[PROBLEM]:
Output exactly the span of lines beginning with the one that holds "Ткани для платьев" and ending with the last line of the data below.

[[ DATA EXTRACTS open ]]

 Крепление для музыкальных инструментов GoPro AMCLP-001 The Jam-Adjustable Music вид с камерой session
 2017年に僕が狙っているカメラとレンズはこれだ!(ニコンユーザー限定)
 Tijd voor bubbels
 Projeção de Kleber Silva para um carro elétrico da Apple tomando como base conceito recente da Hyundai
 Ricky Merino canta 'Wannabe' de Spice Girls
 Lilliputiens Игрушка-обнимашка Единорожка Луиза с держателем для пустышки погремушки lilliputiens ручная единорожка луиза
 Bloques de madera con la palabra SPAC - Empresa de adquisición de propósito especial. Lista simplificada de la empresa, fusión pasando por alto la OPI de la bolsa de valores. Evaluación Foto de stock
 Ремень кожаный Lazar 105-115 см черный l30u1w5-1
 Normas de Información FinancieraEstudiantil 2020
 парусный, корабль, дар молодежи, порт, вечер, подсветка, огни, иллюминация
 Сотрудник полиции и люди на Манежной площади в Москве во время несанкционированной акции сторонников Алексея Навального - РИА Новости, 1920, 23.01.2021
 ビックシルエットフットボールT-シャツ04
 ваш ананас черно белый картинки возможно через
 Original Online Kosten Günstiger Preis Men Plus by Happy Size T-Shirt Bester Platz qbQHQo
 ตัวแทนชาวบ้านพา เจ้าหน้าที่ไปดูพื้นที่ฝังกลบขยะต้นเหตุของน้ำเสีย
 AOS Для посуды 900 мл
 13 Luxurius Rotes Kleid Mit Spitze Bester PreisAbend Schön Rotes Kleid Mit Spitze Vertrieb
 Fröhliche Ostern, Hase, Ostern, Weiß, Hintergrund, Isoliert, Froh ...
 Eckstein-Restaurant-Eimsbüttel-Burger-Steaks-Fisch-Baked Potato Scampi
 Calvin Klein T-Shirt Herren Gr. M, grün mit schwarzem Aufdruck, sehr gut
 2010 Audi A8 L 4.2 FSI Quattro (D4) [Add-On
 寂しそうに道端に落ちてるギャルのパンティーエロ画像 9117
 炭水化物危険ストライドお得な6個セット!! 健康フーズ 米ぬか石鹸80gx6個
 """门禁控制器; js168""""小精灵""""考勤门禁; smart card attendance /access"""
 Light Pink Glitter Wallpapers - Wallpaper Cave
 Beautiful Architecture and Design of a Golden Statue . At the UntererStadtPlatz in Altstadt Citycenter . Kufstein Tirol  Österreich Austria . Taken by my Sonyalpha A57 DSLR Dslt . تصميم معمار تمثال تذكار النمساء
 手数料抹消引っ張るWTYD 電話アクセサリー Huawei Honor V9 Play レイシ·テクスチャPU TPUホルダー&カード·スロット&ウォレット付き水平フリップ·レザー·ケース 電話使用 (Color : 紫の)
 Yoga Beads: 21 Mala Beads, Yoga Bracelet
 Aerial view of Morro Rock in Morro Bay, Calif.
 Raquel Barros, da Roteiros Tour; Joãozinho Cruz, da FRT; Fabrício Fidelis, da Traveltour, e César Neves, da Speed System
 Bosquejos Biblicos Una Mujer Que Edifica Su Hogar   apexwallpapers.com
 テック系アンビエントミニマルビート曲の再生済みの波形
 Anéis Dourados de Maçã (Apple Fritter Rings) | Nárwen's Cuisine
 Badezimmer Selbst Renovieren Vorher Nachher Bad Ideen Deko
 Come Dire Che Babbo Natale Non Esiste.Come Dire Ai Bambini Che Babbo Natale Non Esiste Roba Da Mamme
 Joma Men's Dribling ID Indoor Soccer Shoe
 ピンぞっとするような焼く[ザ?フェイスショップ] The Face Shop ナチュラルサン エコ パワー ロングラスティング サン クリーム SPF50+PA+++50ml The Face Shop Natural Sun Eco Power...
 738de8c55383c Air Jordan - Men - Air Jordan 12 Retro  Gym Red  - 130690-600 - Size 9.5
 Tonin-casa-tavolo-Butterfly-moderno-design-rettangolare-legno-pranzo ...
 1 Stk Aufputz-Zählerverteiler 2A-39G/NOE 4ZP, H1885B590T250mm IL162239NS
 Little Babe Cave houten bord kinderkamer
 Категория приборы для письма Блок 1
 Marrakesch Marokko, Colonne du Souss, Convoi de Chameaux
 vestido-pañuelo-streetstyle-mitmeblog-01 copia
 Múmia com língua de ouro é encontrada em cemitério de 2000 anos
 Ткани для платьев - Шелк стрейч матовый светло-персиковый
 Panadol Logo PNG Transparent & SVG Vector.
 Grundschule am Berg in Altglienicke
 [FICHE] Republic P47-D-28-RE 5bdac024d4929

[[ DATA EXTRACTS closed ]]

[RESULT]:
 Ткани для платьев - Шелк стрейч матовый светло-персиковый
 Panadol Logo PNG Transparent & SVG Vector.
 Grundschule am Berg in Altglienicke
 [FICHE] Republic P47-D-28-RE 5bdac024d4929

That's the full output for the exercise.